*What is needed*: In your copy, include every line of the listing below exactly but none of the pictures.

*Data excerpt*:
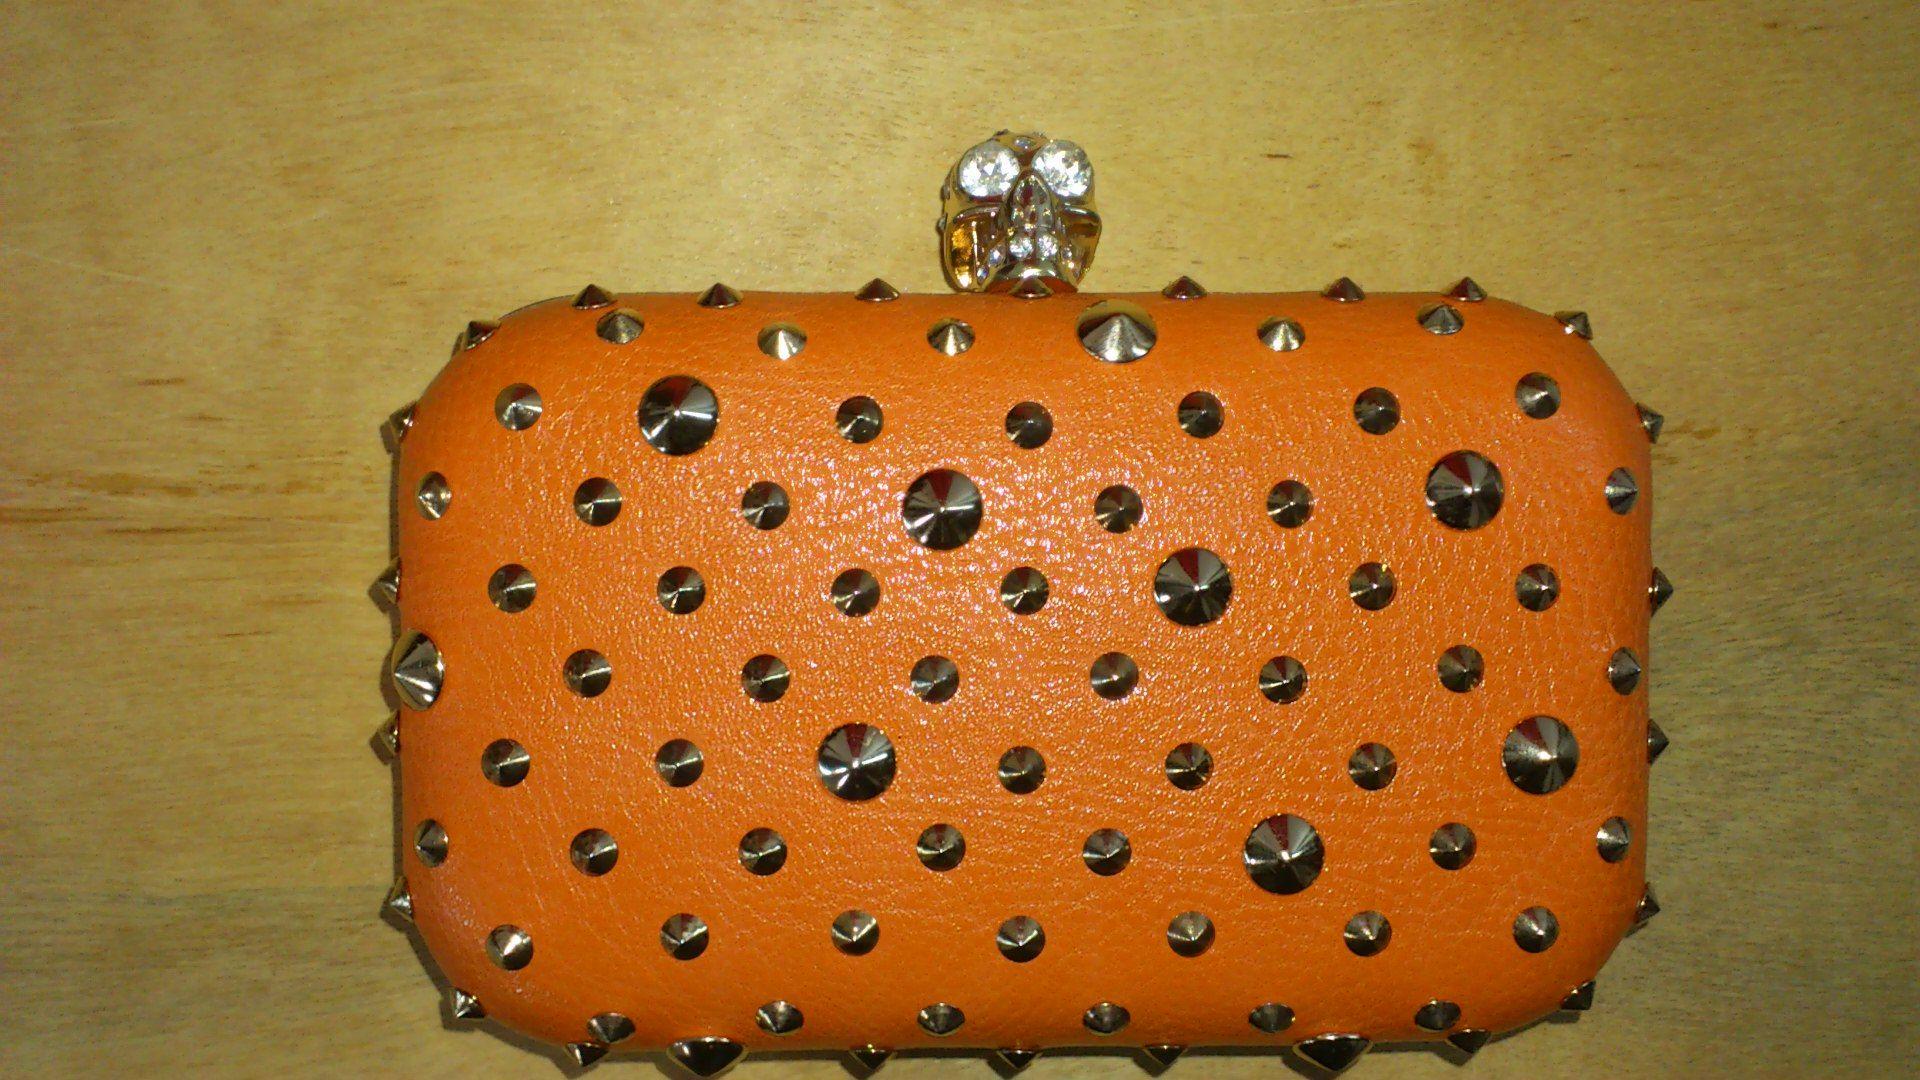 China Manufacturer Fashion lady handbag
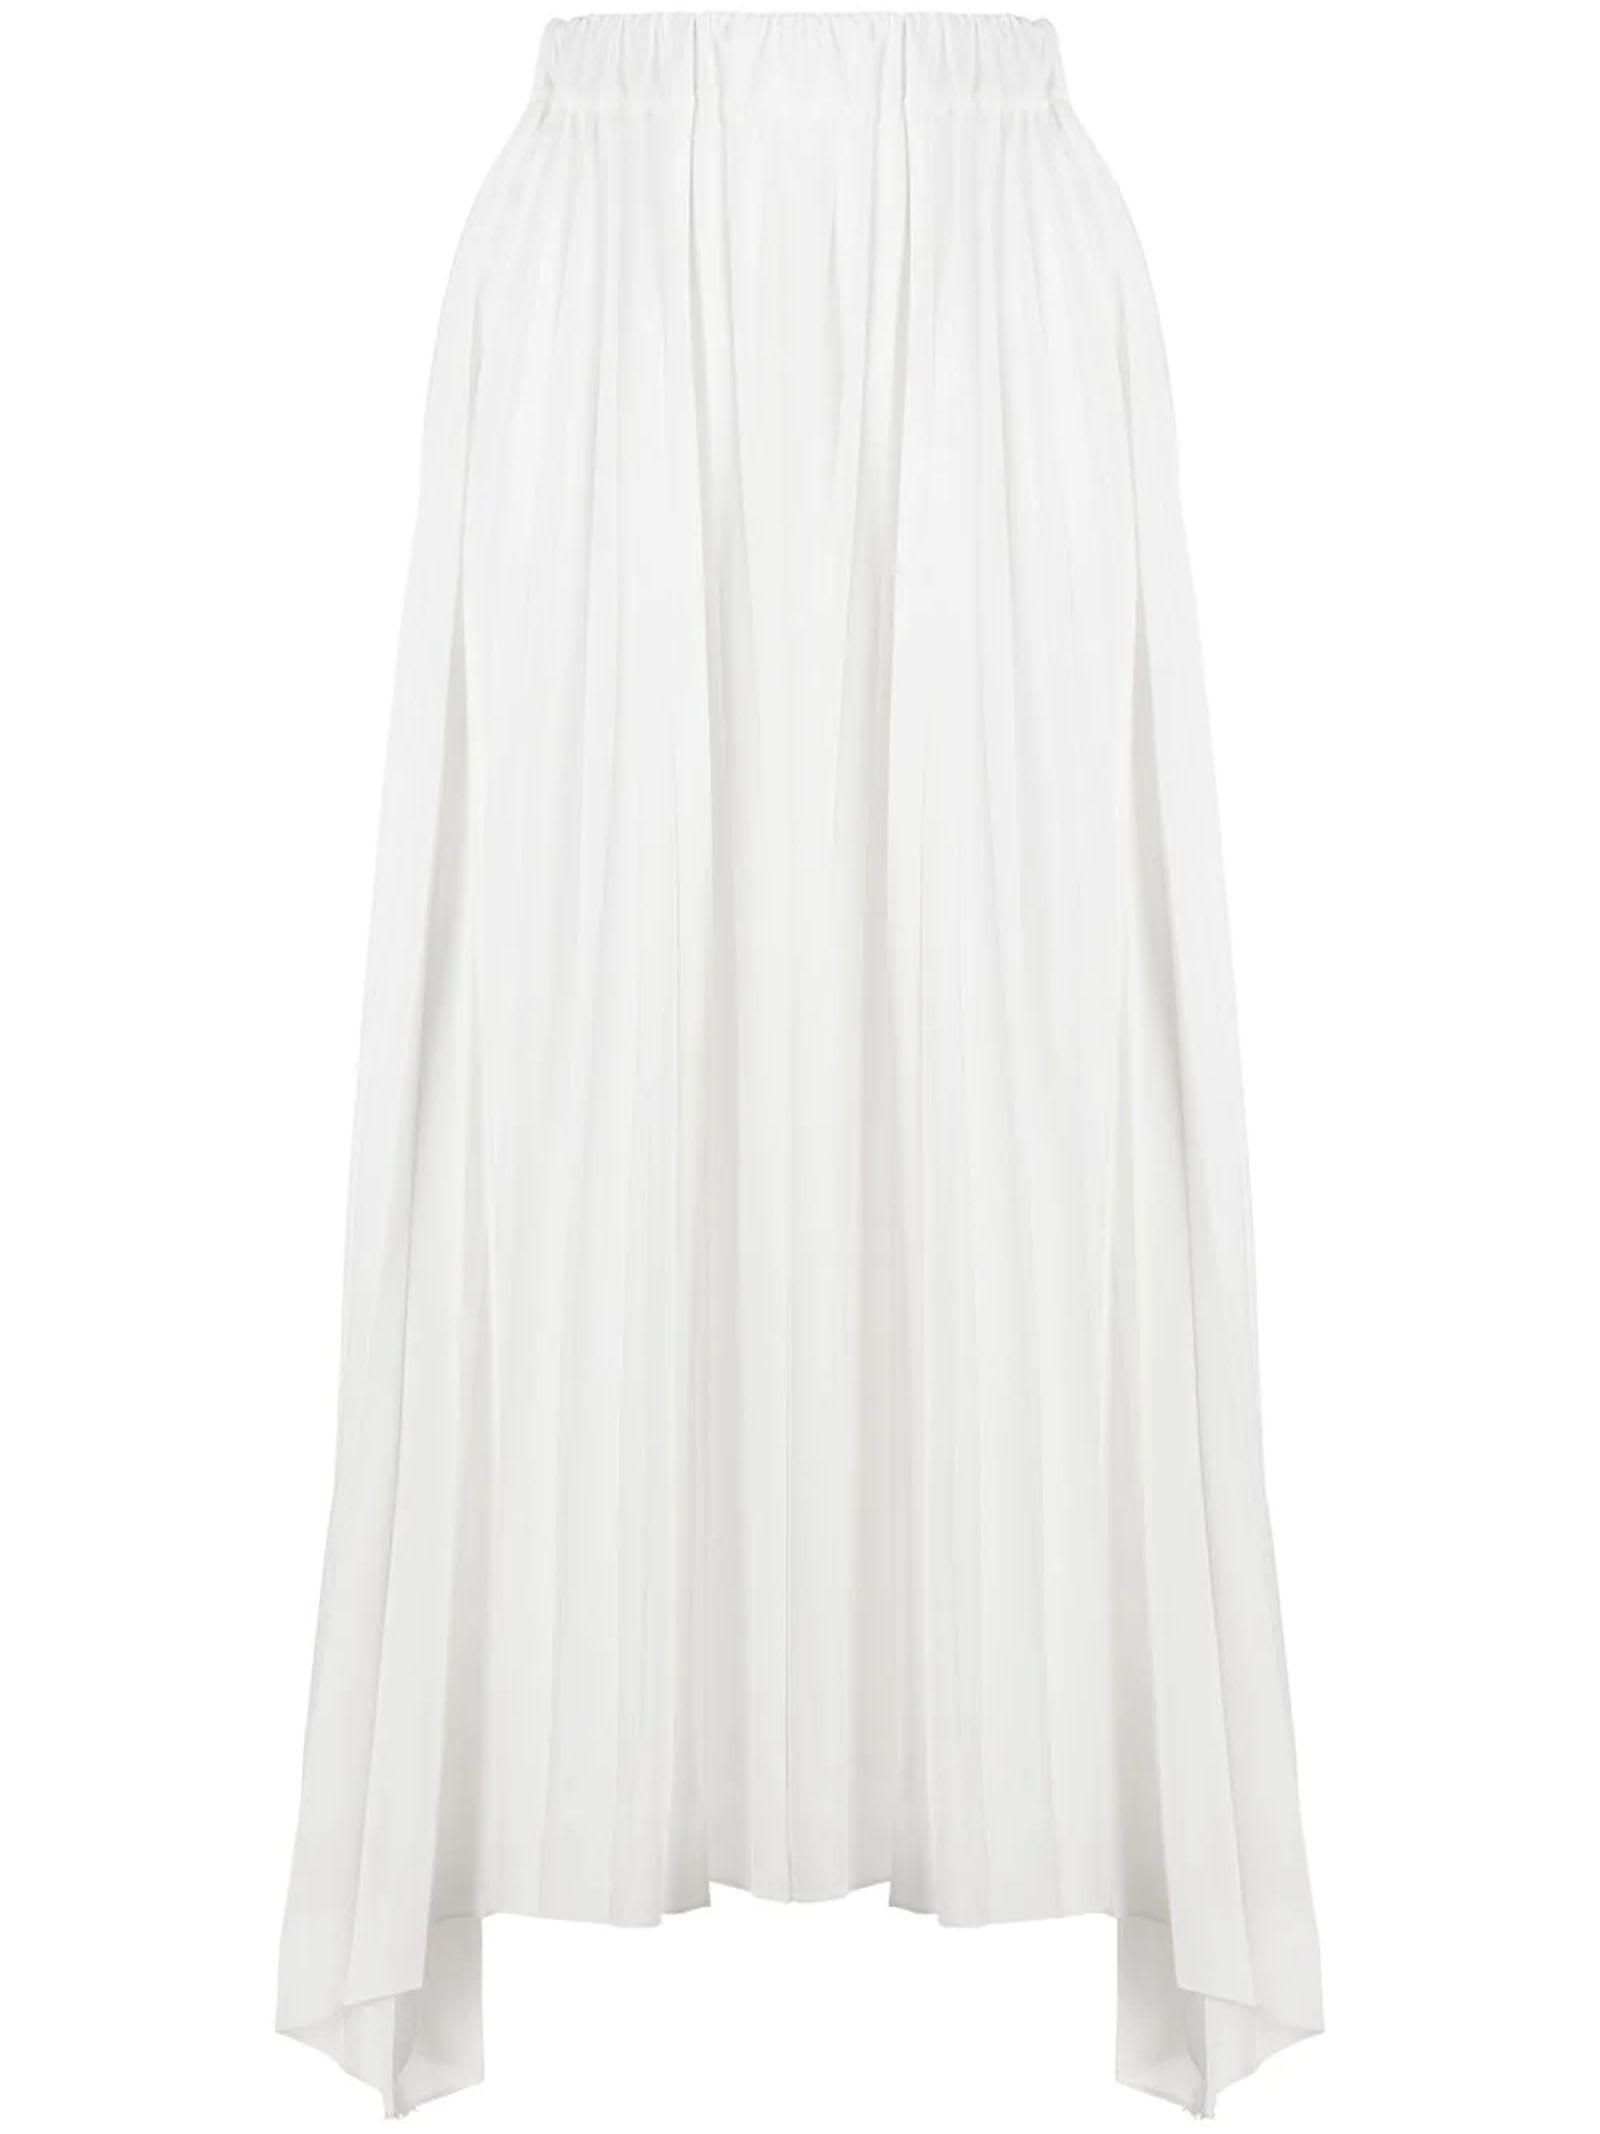 Antonelli Pleated skirts WHITE MIDI SKIRT
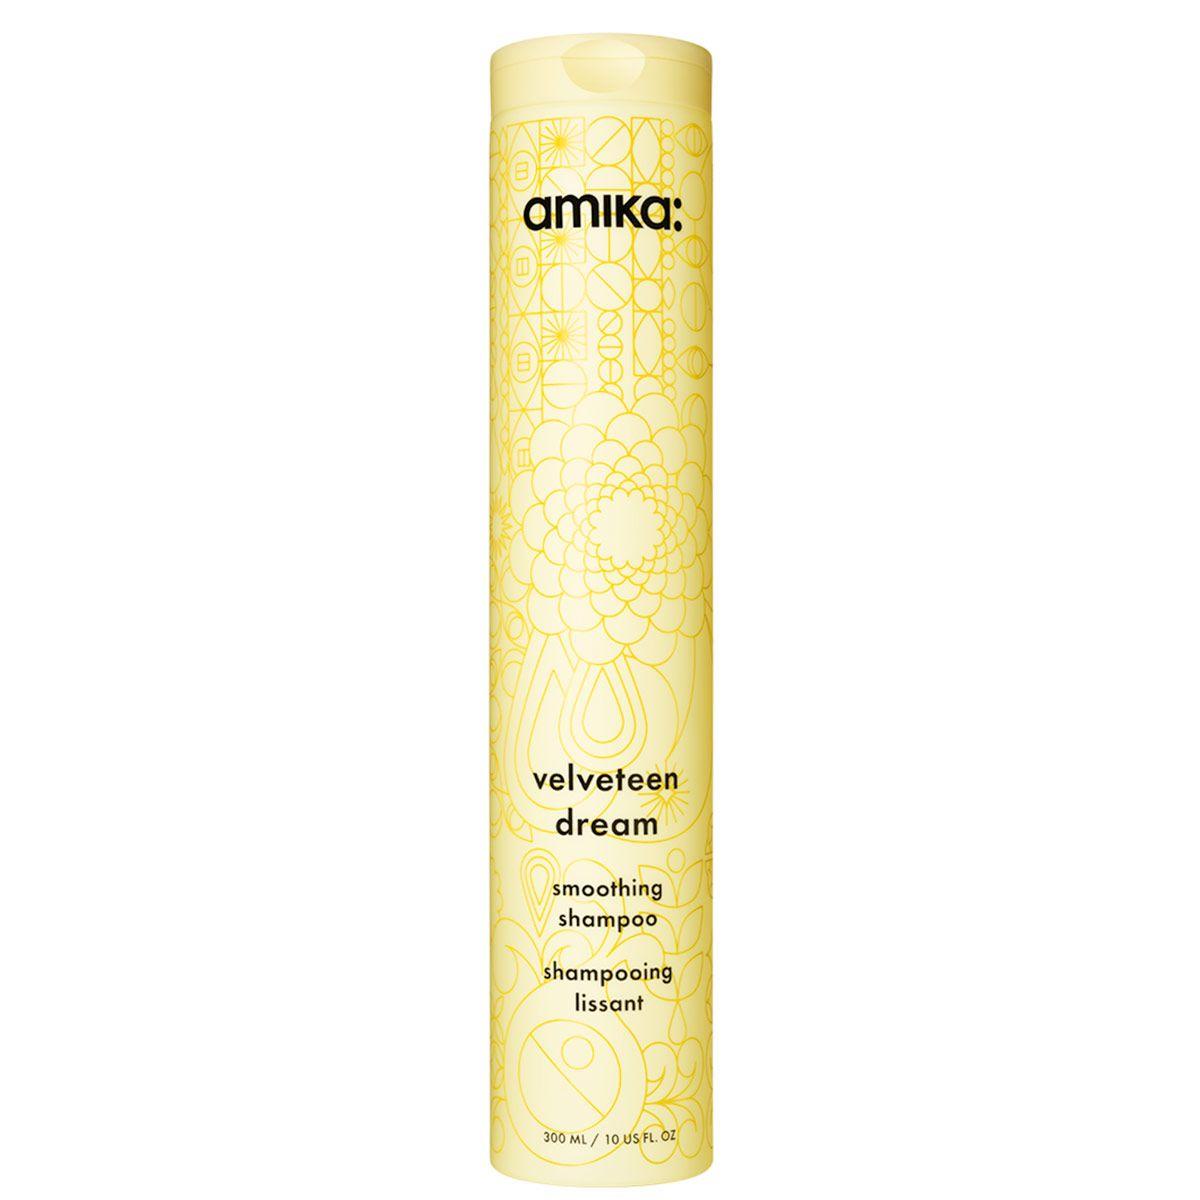 Amika Velveteen Dream Smoothing Shampoo 300ml

*Problem solution*:
 China Manufacturer Fashion lady handbag
 Antonelli Pleated skirts WHITE MIDI SKIRT
 Amika Velveteen Dream Smoothing Shampoo 300ml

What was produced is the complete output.